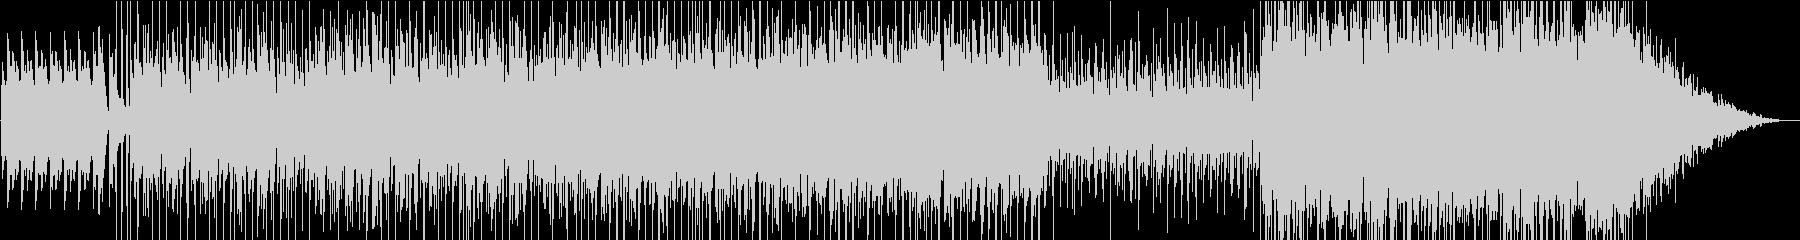 ラテン系のポップスの未再生の波形
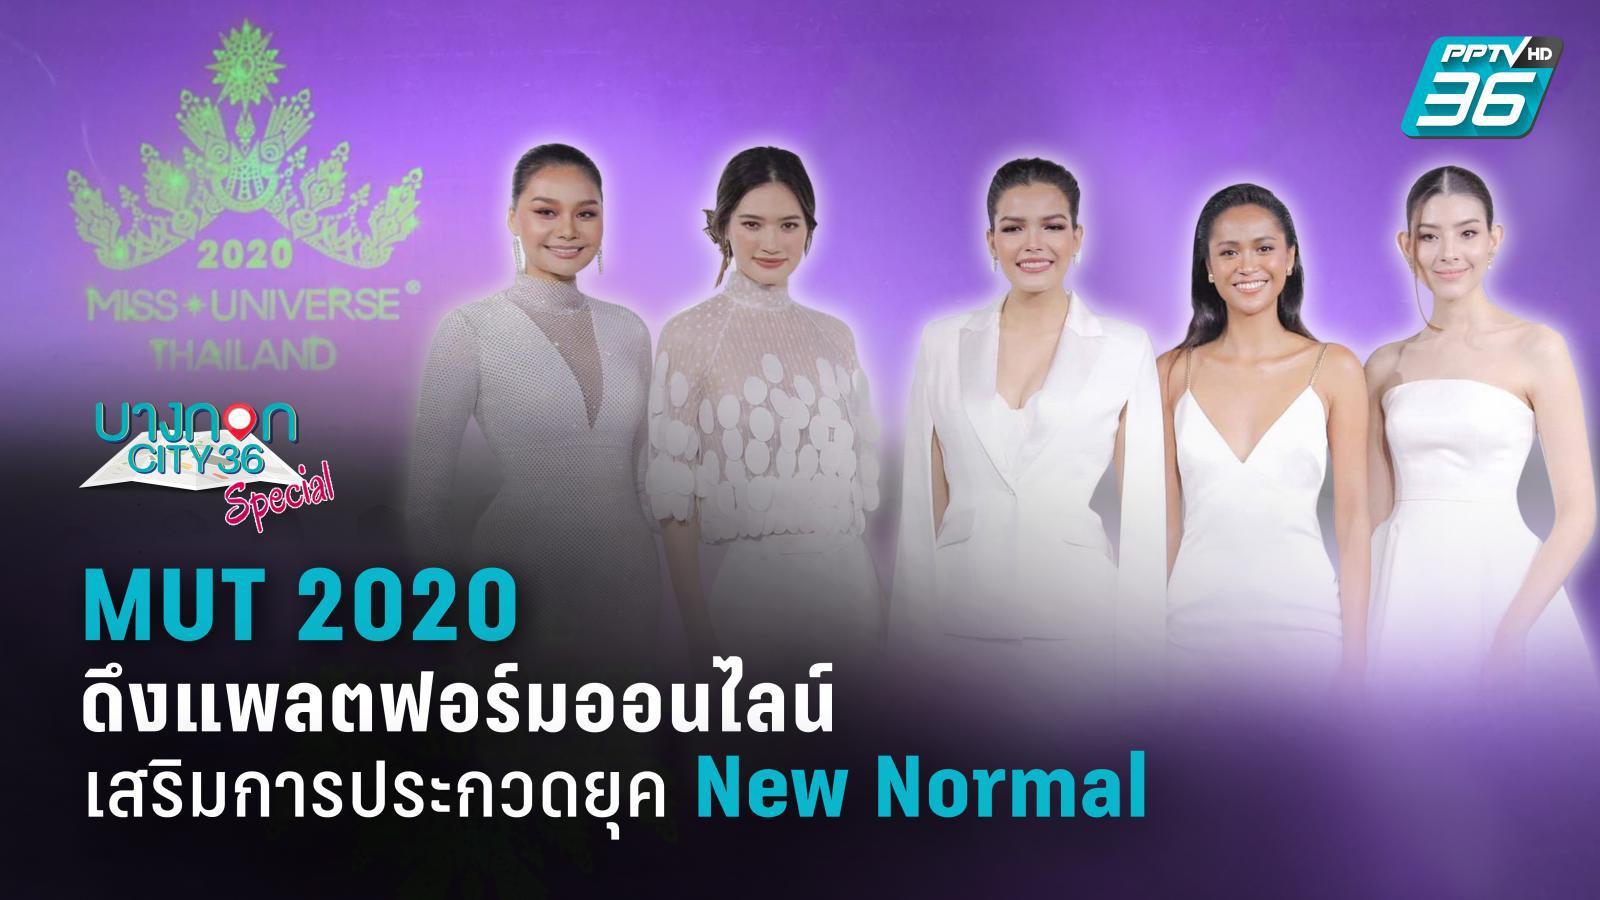 Miss Universe Thailand 2020 ดึงแพลตฟอร์มออนไลน์เสริมการประกวดยุค New Normal
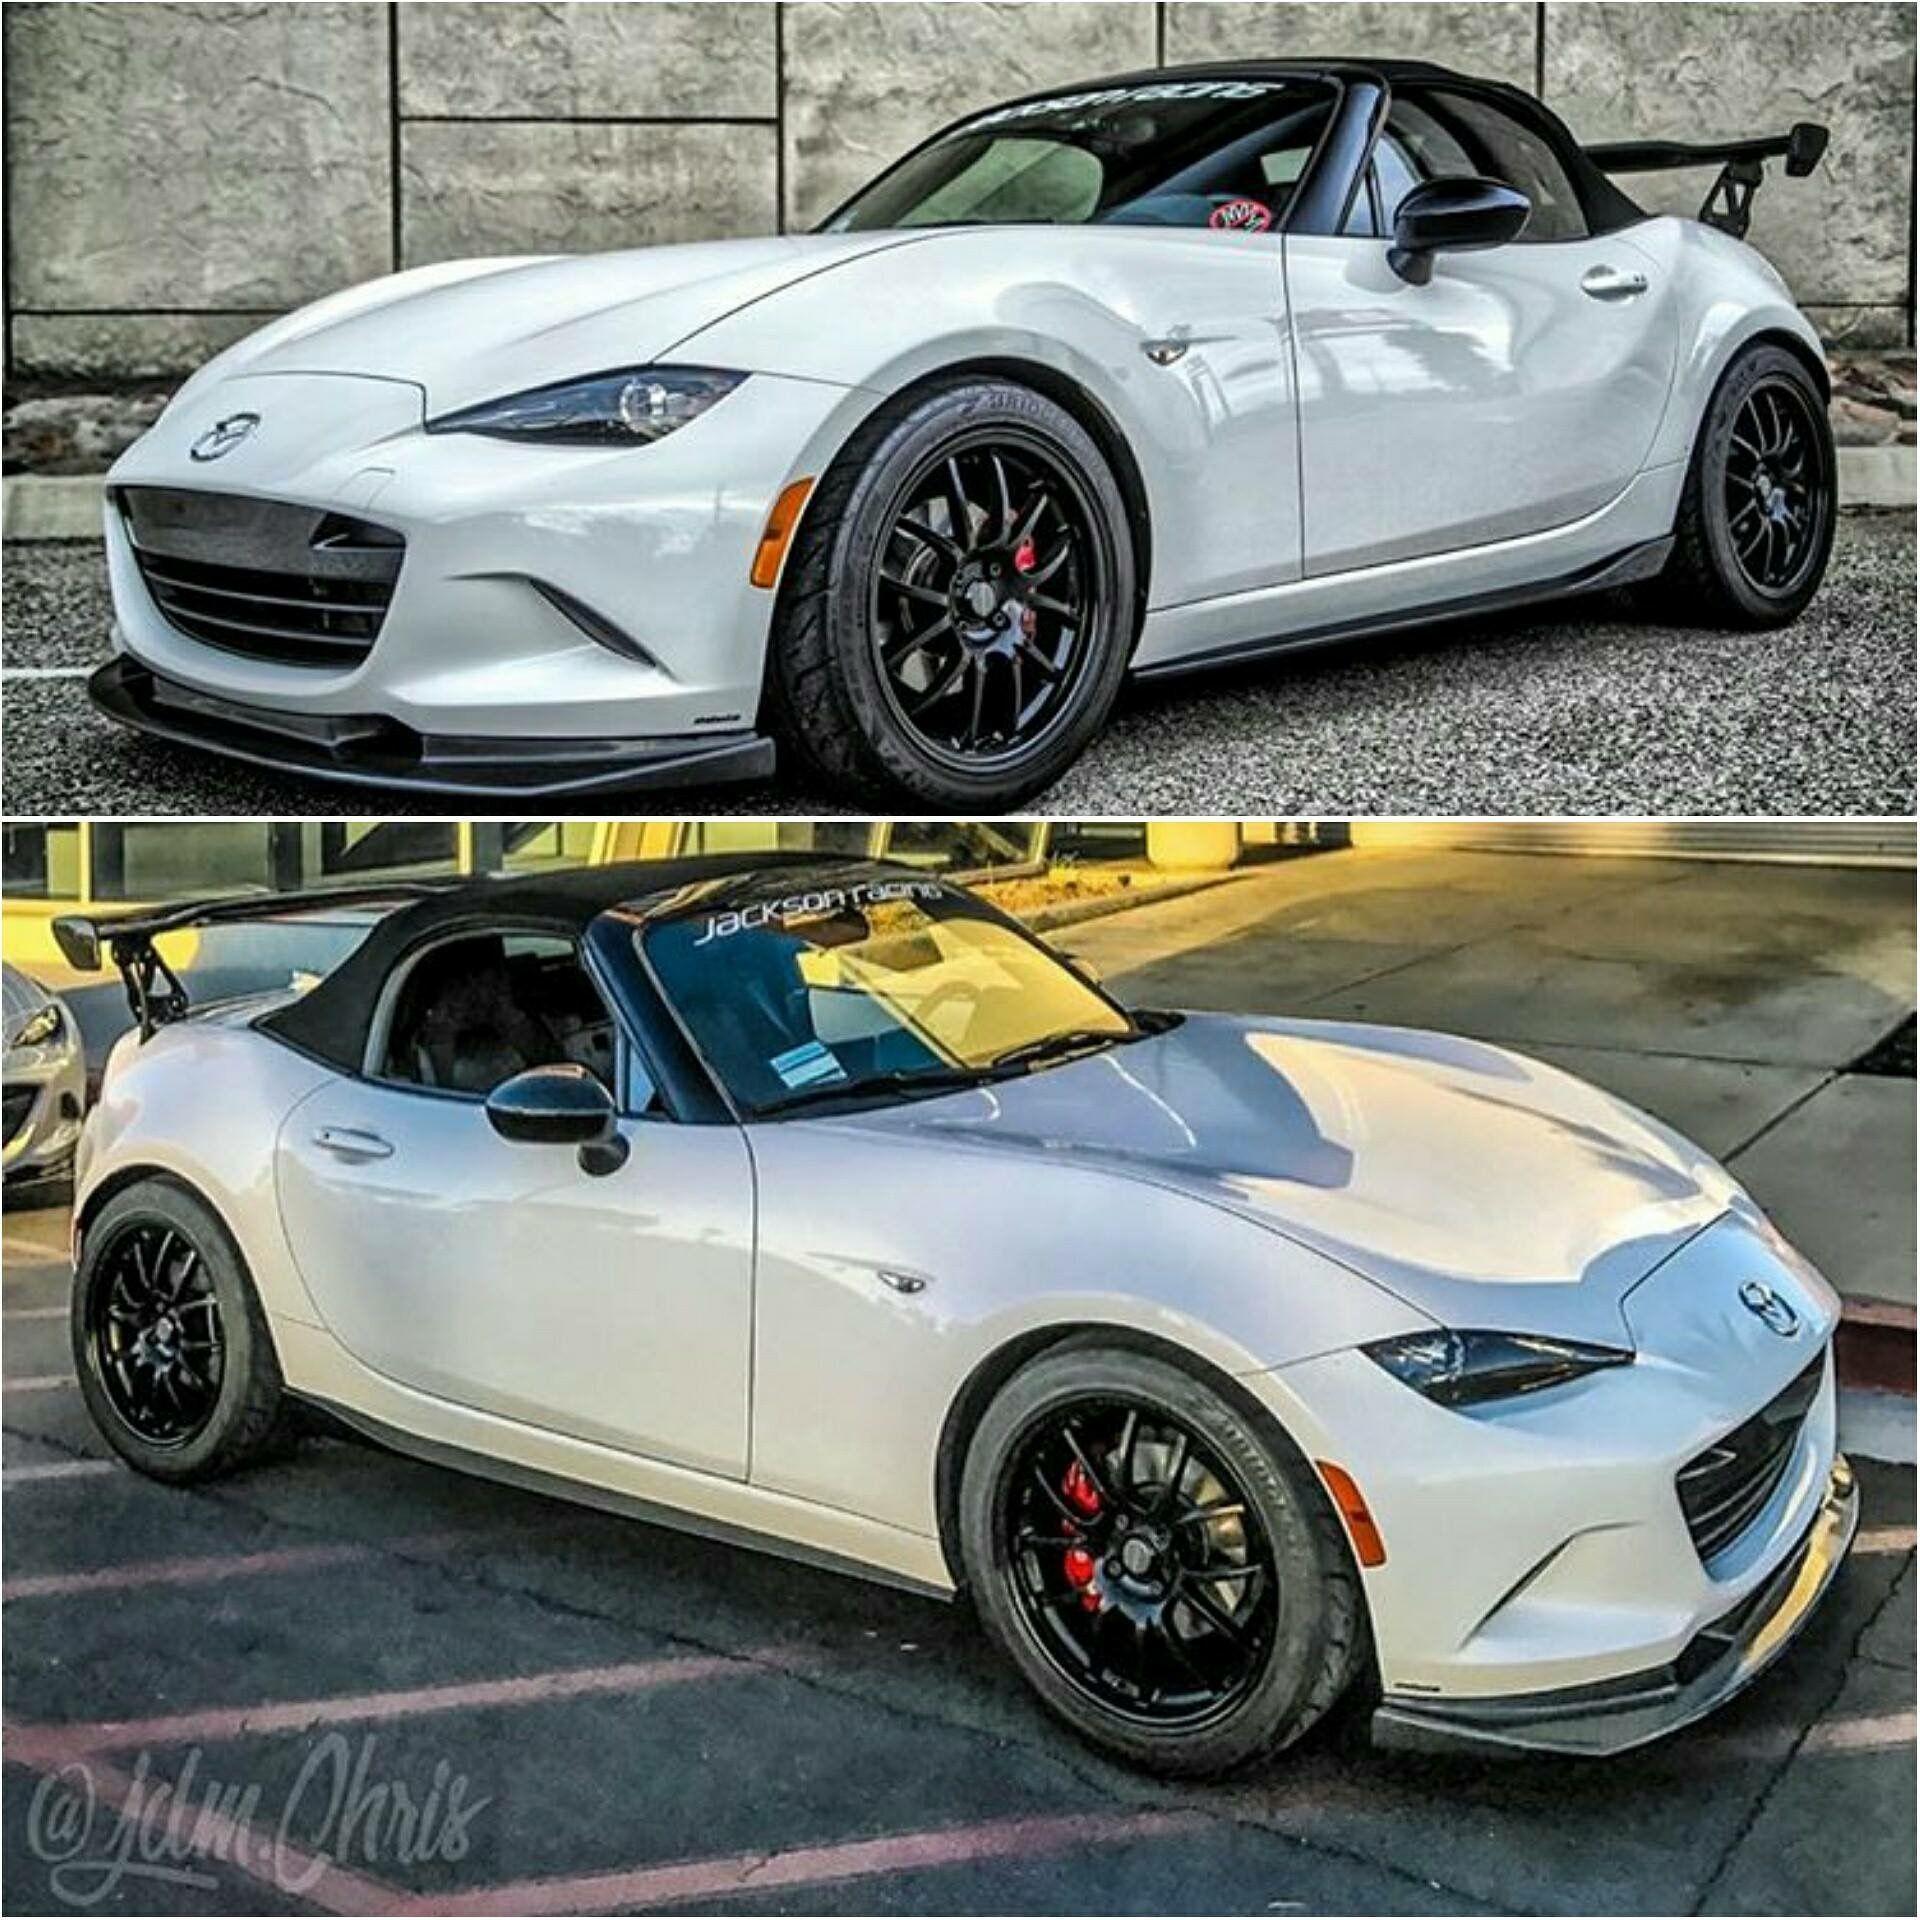 Mazda Cars, Mazda Mx5 Miata
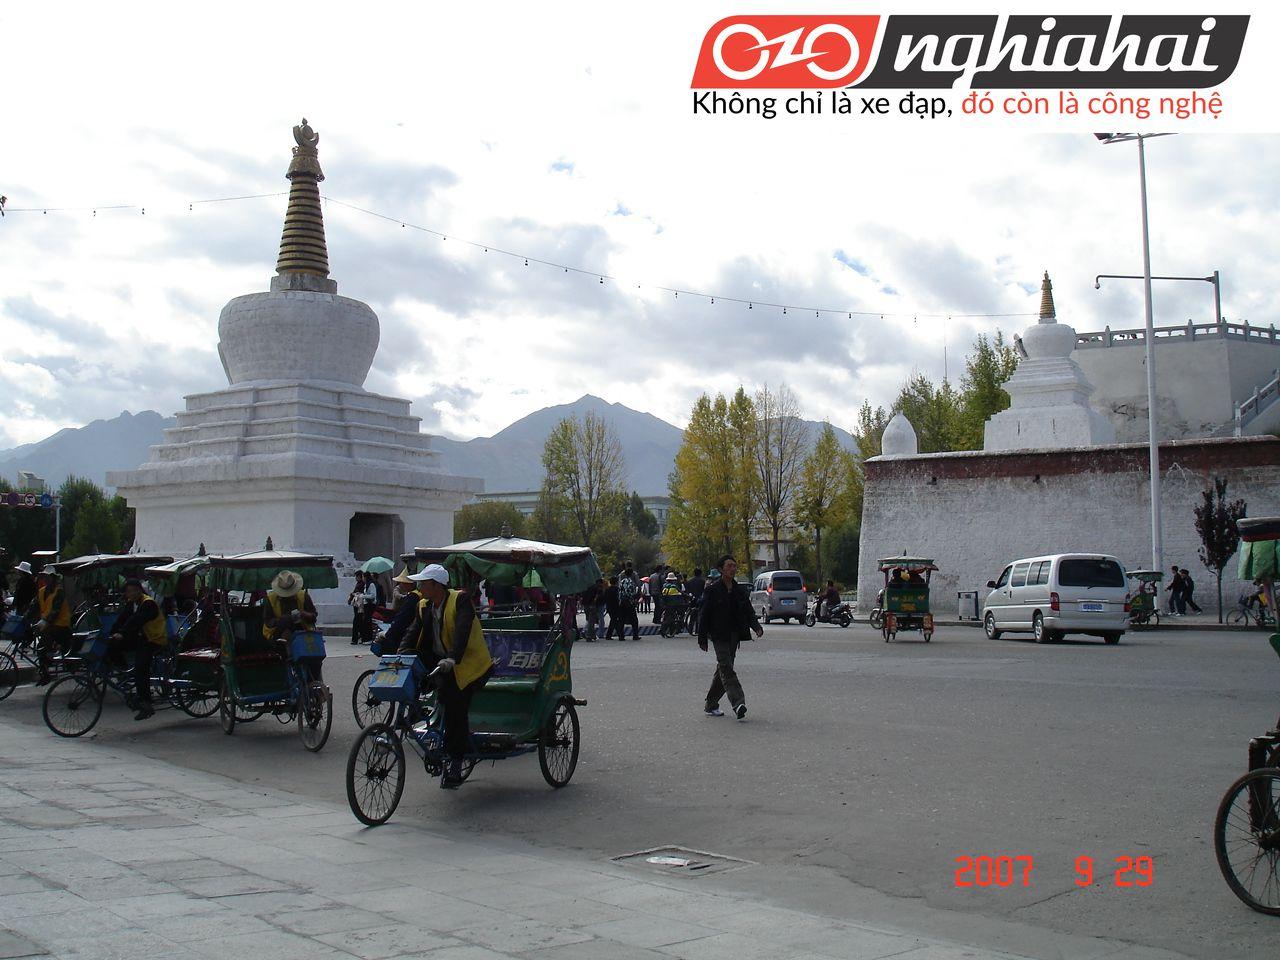 Tại sao người đi xe đạp muốn đi đến Tây Tạng 3

++++++

Task item
In full and without change, repeat the material above, minus the pictures.

Answer to this problem
 ラテン系のポップスの未再生の波形
 Miss Universe Thailand 2020 ดึงแพลตฟอร์มออนไลน์เสริมการประกวดยุค New Normal
 Mazda Cars, Mazda Mx5 Miata
 Tại sao người đi xe đạp muốn đi đến Tây Tạng 3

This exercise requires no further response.